The Java programming language is naturally multi-threaded and because of this the underlying OS implementation can make a substantial difference in the performance of your application. Fortunately (or unfortunately), you can choose from multiple threading models and different methods of synchronization within the model, but this varies from VM to VM. Adding to the confusion, the threads library will be transitioning from Solaris 8 to 9, eliminating many of these choices.

Version 1.1 is based on green threads and won't be covered here. Green threads are simulated threads within the VM and were used prior to going to a native OS threading model in 1.2 and beyond. Green threads may have had an advantage on Linux at one point (since you don't have to spawn a process for each native thread), but VM technology has advanced significantly since version 1.1 and any benefit green threads had in the past is erased by the performance increases over the years.

Solaris Threading Models

Two different threading models are available in Solaris, a many-to-many model and a one-to-one model. Many-to-many and one-to-one refer to (essentially) LWPs (lightweight processes) and Solaris Threads. Each LWP has a kernel thread, but once on an LWP the kernel will schedule you on a cpu. If you are in a thread, the thread library must schedule you on an LWP before you make it to a cpu. Why would this be an advantage? Because there is a lot more state and kernel resources used if there are many LWPs, so fewer LWPs keeps the kernel light and nimble and improves performance. Why would this be a disadvantage? It's possible that you can get thread starvation if the thread doesn't get scheduled on an LWP in an adequate amount of time.

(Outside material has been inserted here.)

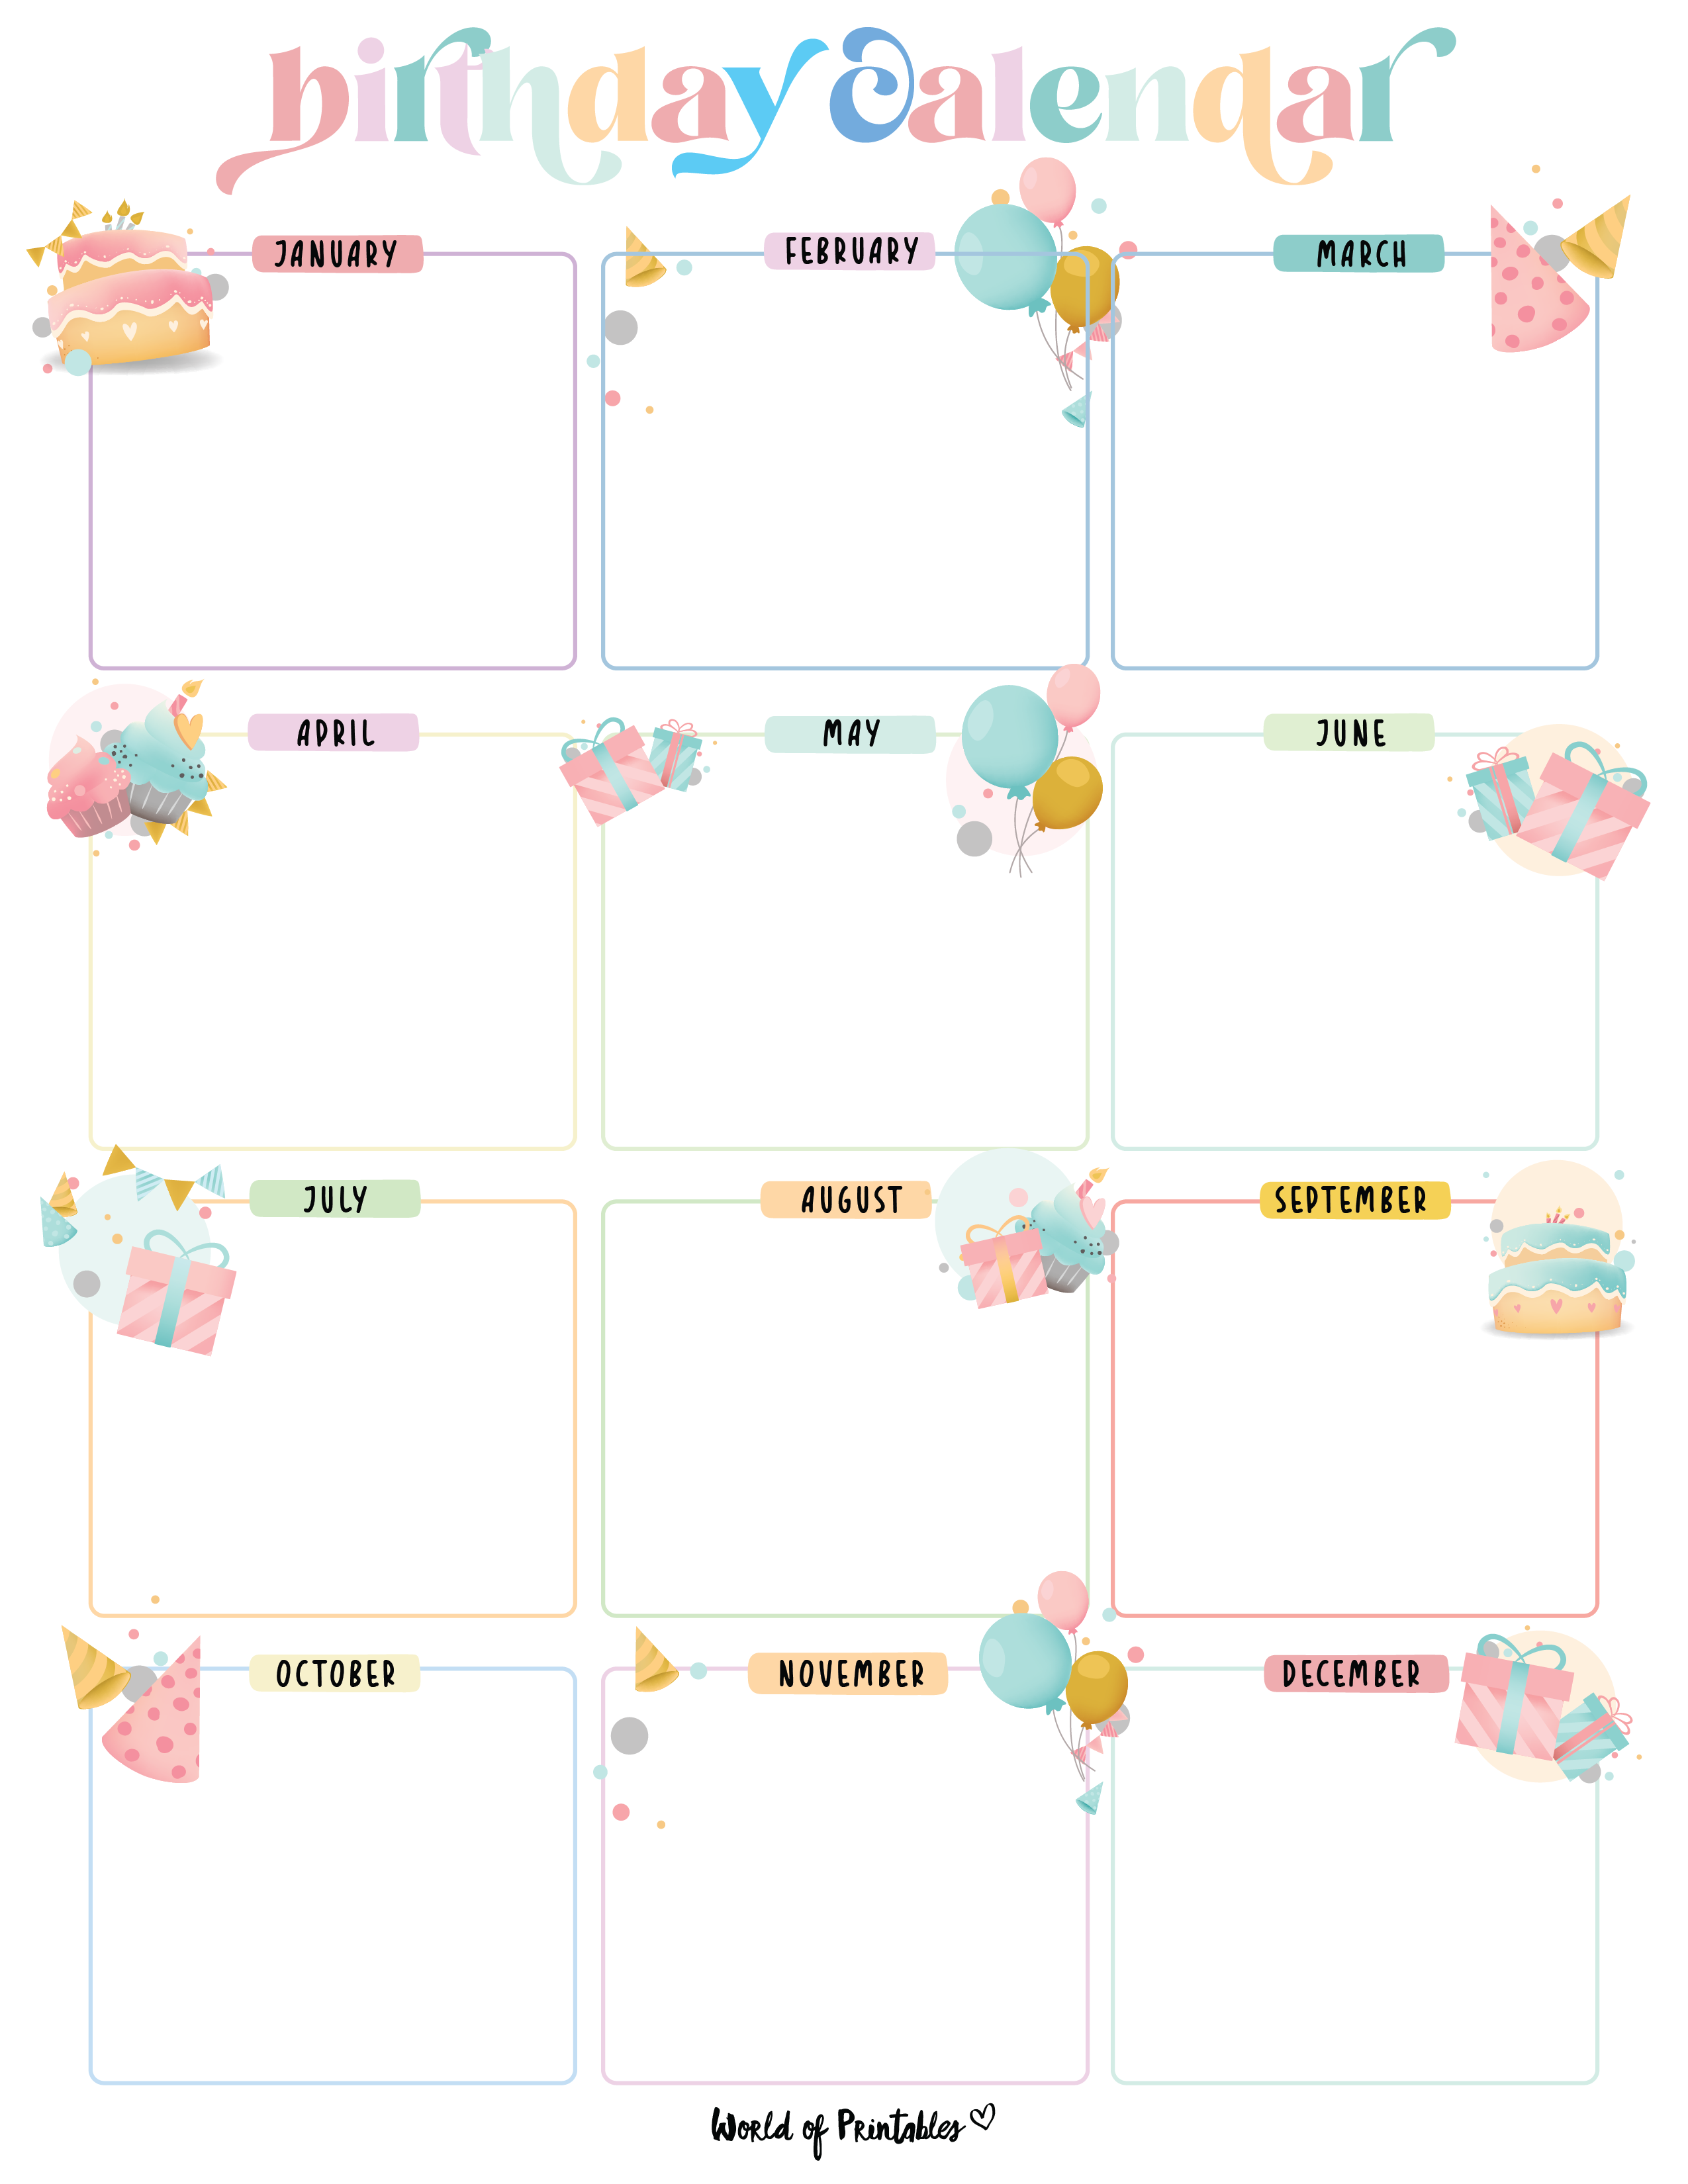 free calendar template for birthdays 27

Looking at the following figure:

Java threads are really Solaris Threads since we've been using the native OS threading model in the 1.2 VM. The left side shows the many-to-many model, where Solaris threads are scheduled by the Solaris libthread.so library to run on LWPs. The LWPs are one-to-one with kernel threads. The right hand side shows a one-to-one model, which marries Solaris threads with LWPs. This creates more LWPs (since one must exist for each thread), and we'll explore the effects later.

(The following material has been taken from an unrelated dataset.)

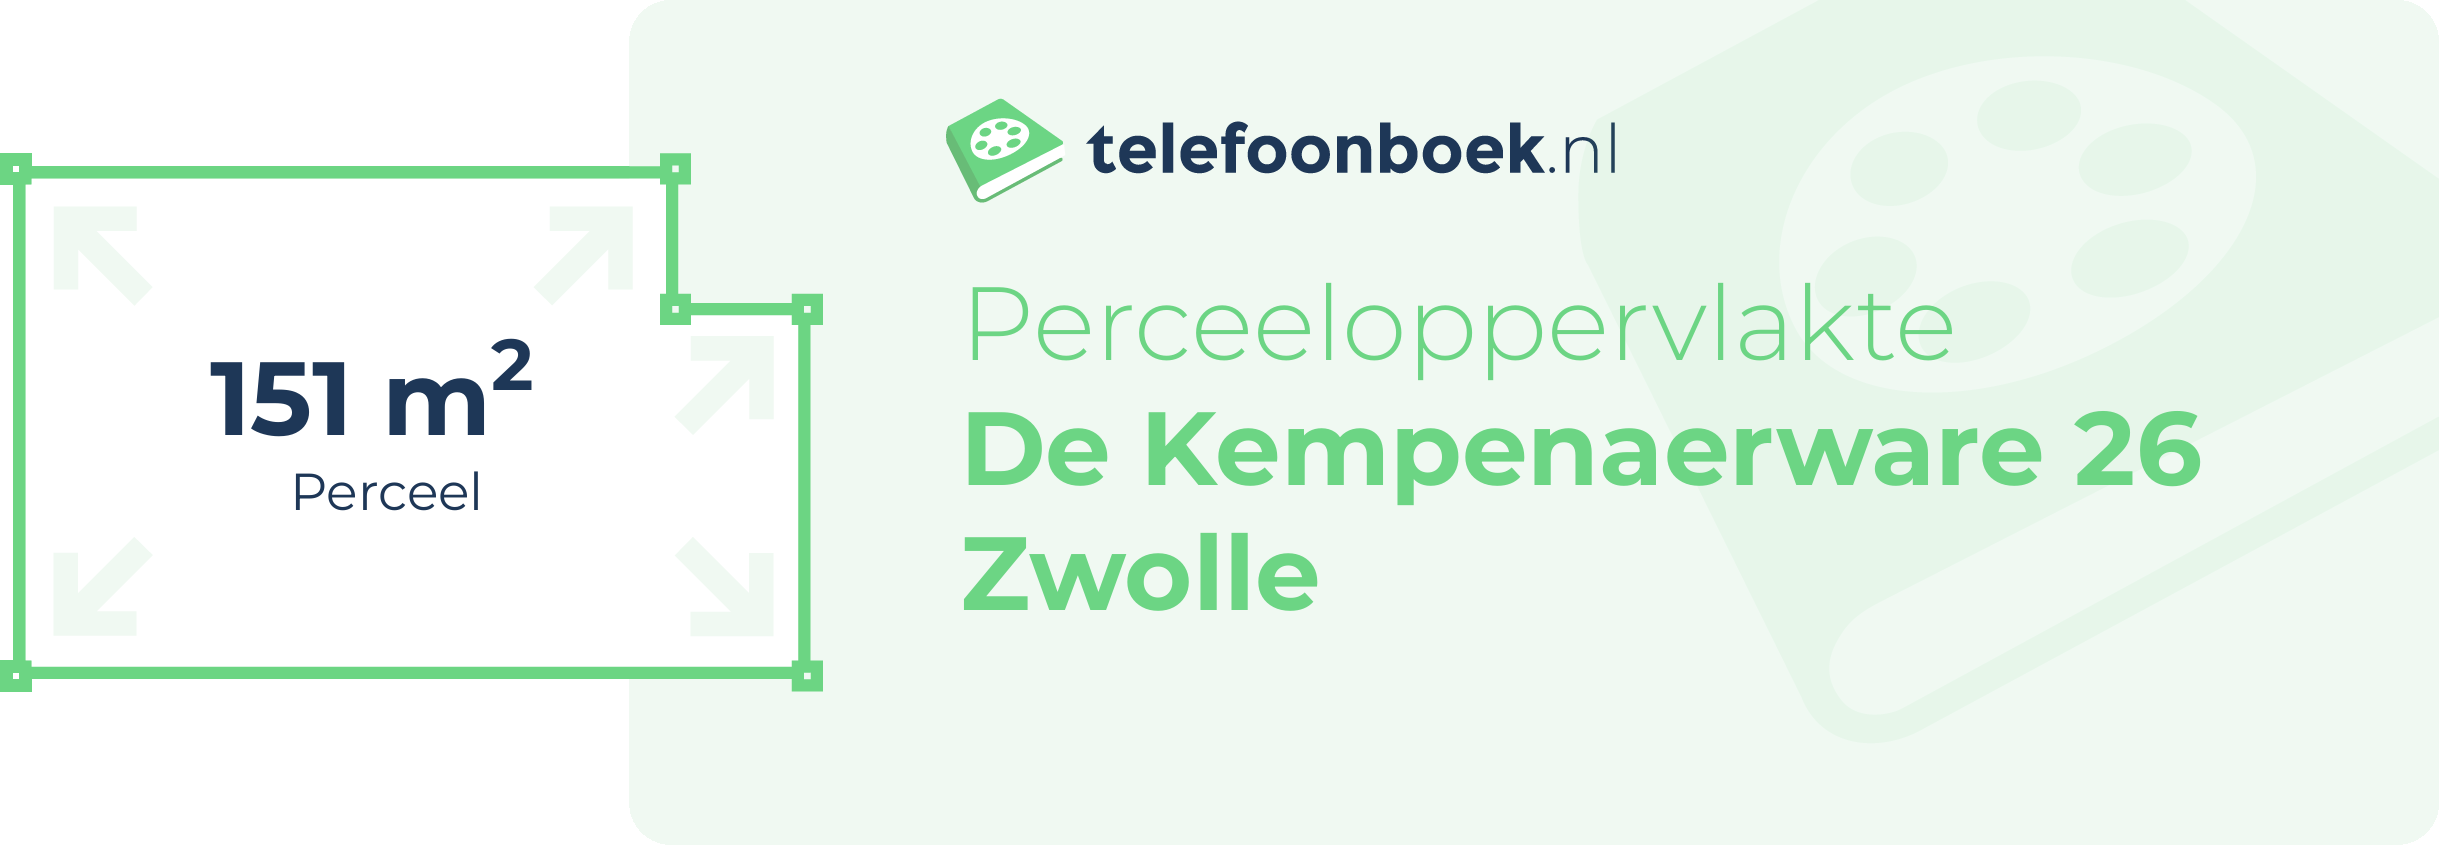 Perceeloppervlakte De Kempenaerware 26 Zwolle

The many-to-many model is the default in pre-Solaris 9. Solaris 8 offers an "alternate" threading library for a true one-to-one model, but before Solaris 7 you can only use the many-to-many model (or fake it with bound threads). Just to throw in a little more confusion, when creating Solaris threads, one can specify that the thread be bound to an LWP for its entire life. This effectively creates a one-to-one model, but has some overhead which we'll also explore later.

Synchronization

In the many-to-many model, HotSpot allows 2 types of synchronization, LWP based and thread based. If you like to follow along with the Solaris Documentation this is the equivalent of USYNC_PROCESS (lwp based) and USYNC_THREAD (thread based), look in /usr/include/sys/synch.h in your local Solaris installation. LWP based synchronization is considered heavier weight, since it must work between processes, whereas thread based synchronization is private to a process. Obviously, thread based synchronization is all that's required for an application and multiple java virtual machines currently don't have the ability to share global data between them, but we allow both types of synchronization in J2SE 1.3 and beyond, and you'll see why in a moment.

Combinatorial review

So, let's review our options, remember that not all of these are relevant to all J2SE releases or even versions of the Solaris OS.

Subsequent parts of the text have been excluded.